*Dataset section*:

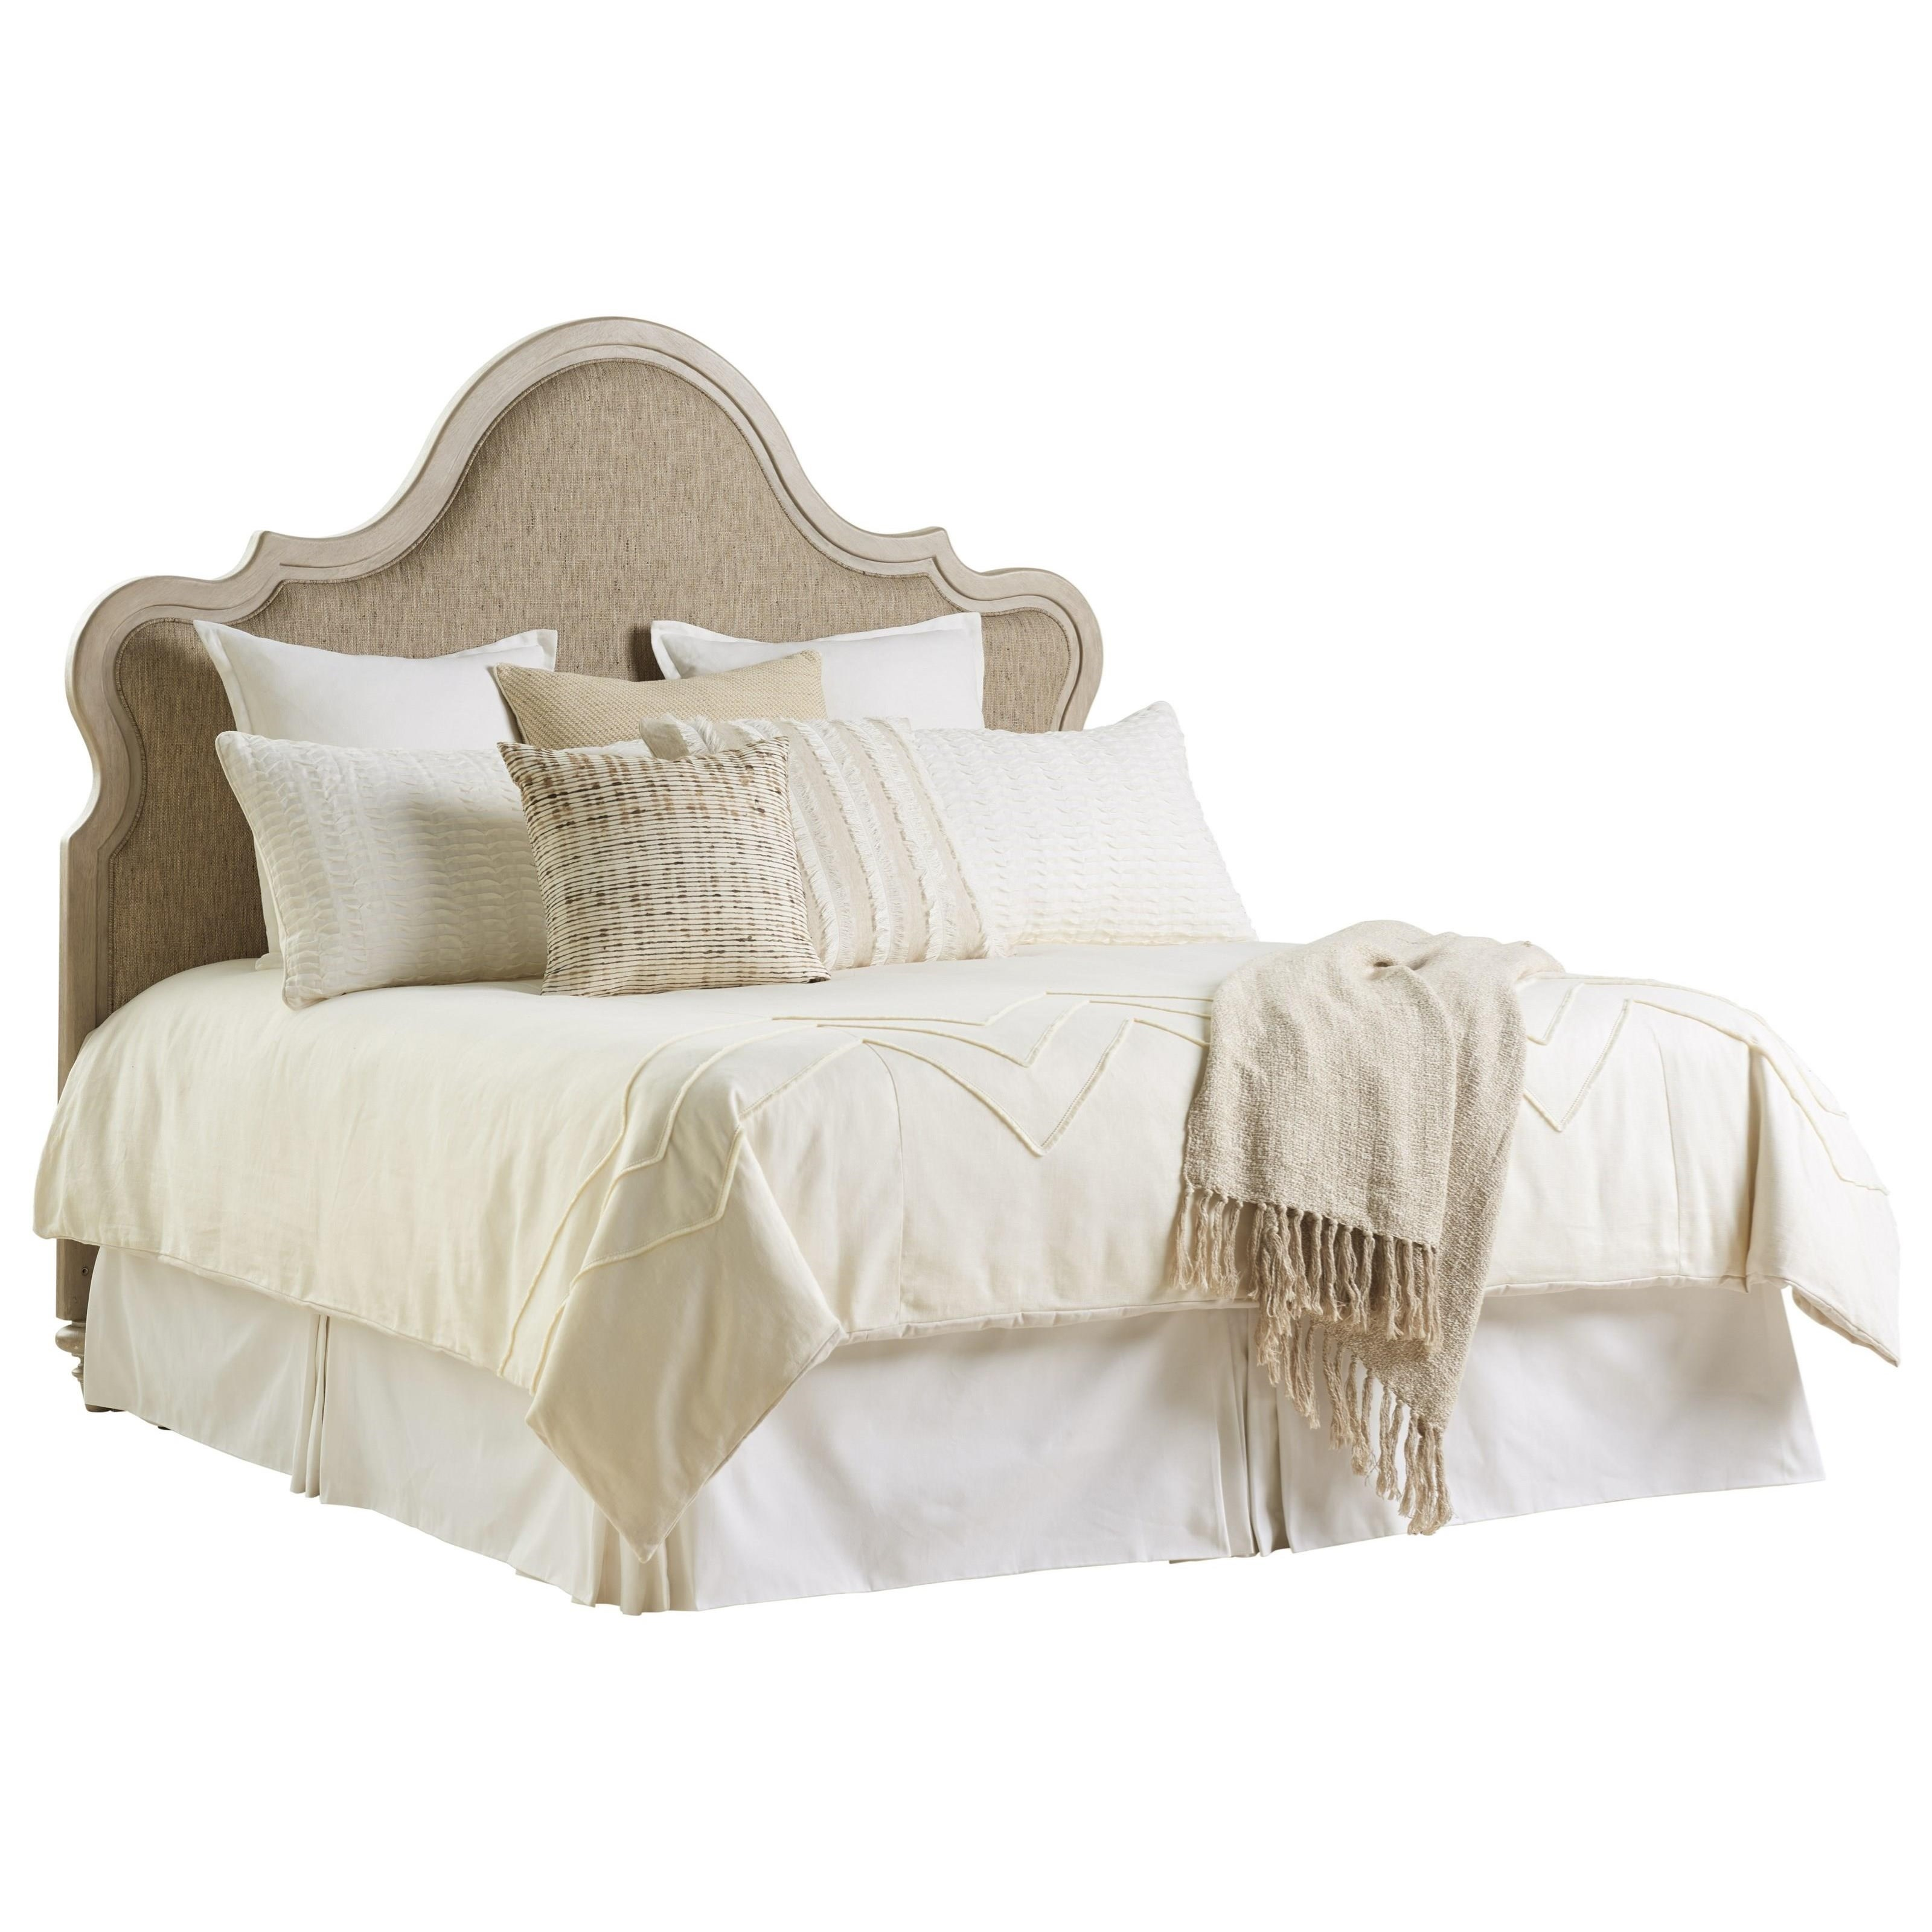 Malibu Zuma Upholstered Headboard by Barclay Butera at Baer's Furniture
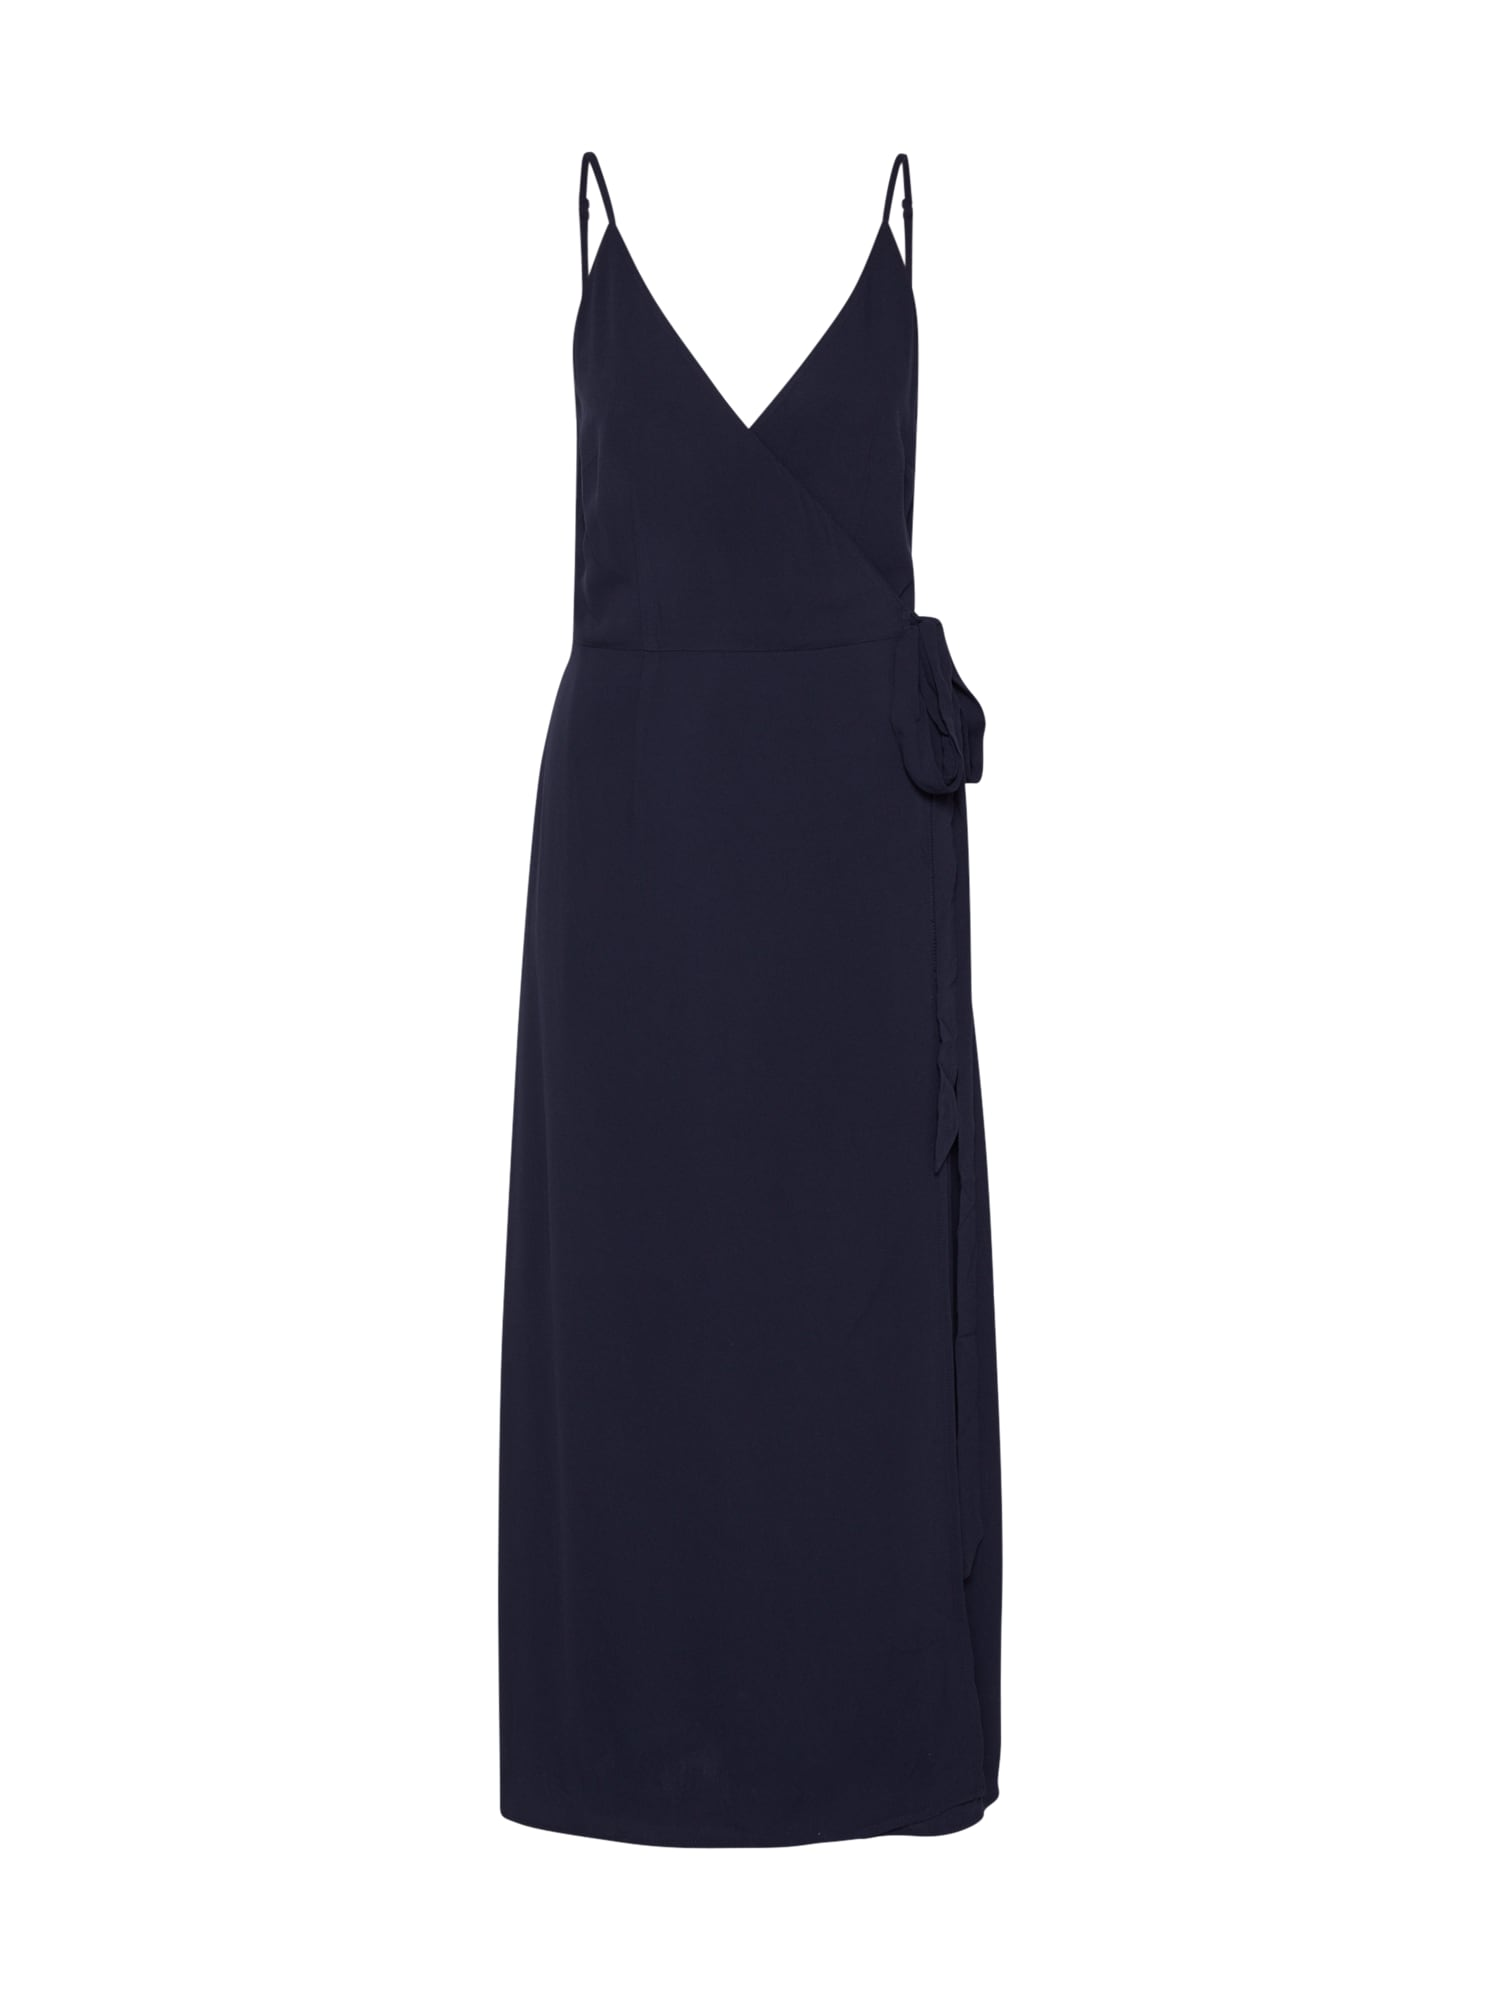 EDITED Vasarinė suknelė 'Roslyn' juoda
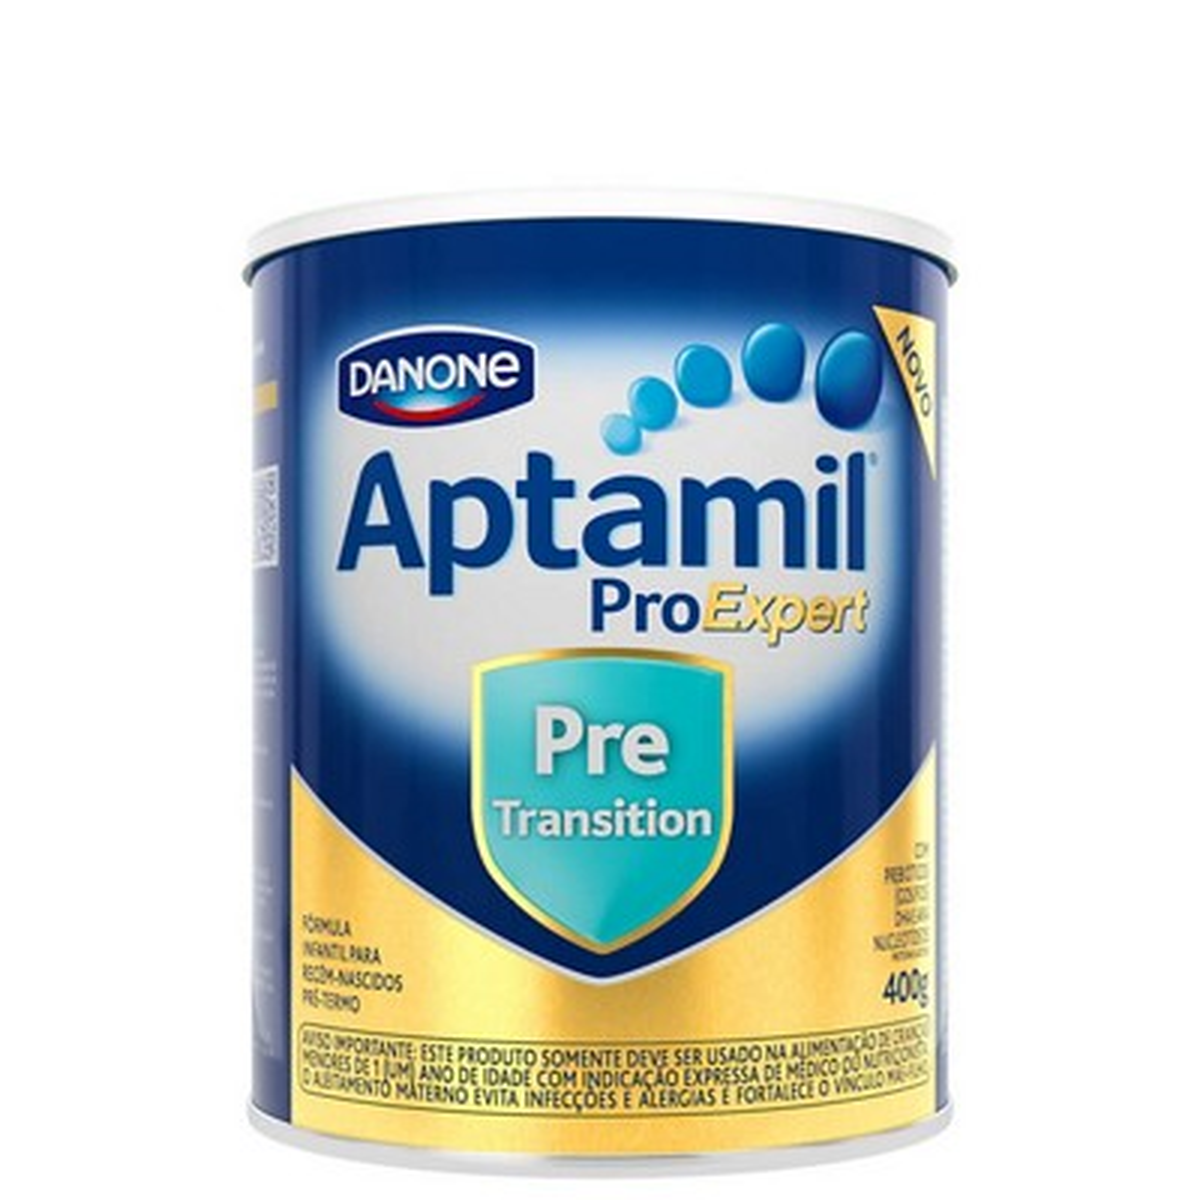 APTAMIL PROEXPERT PRE PRETRANSITION

*Task prompt*: Restate the listing word for word, pictures excluded.

*Response*:
 Malibu Zuma Upholstered Headboard by Barclay Butera at Baer's Furniture
 EDITED Vasarinė suknelė 'Roslyn' juoda
 APTAMIL PROEXPERT PRE PRETRANSITION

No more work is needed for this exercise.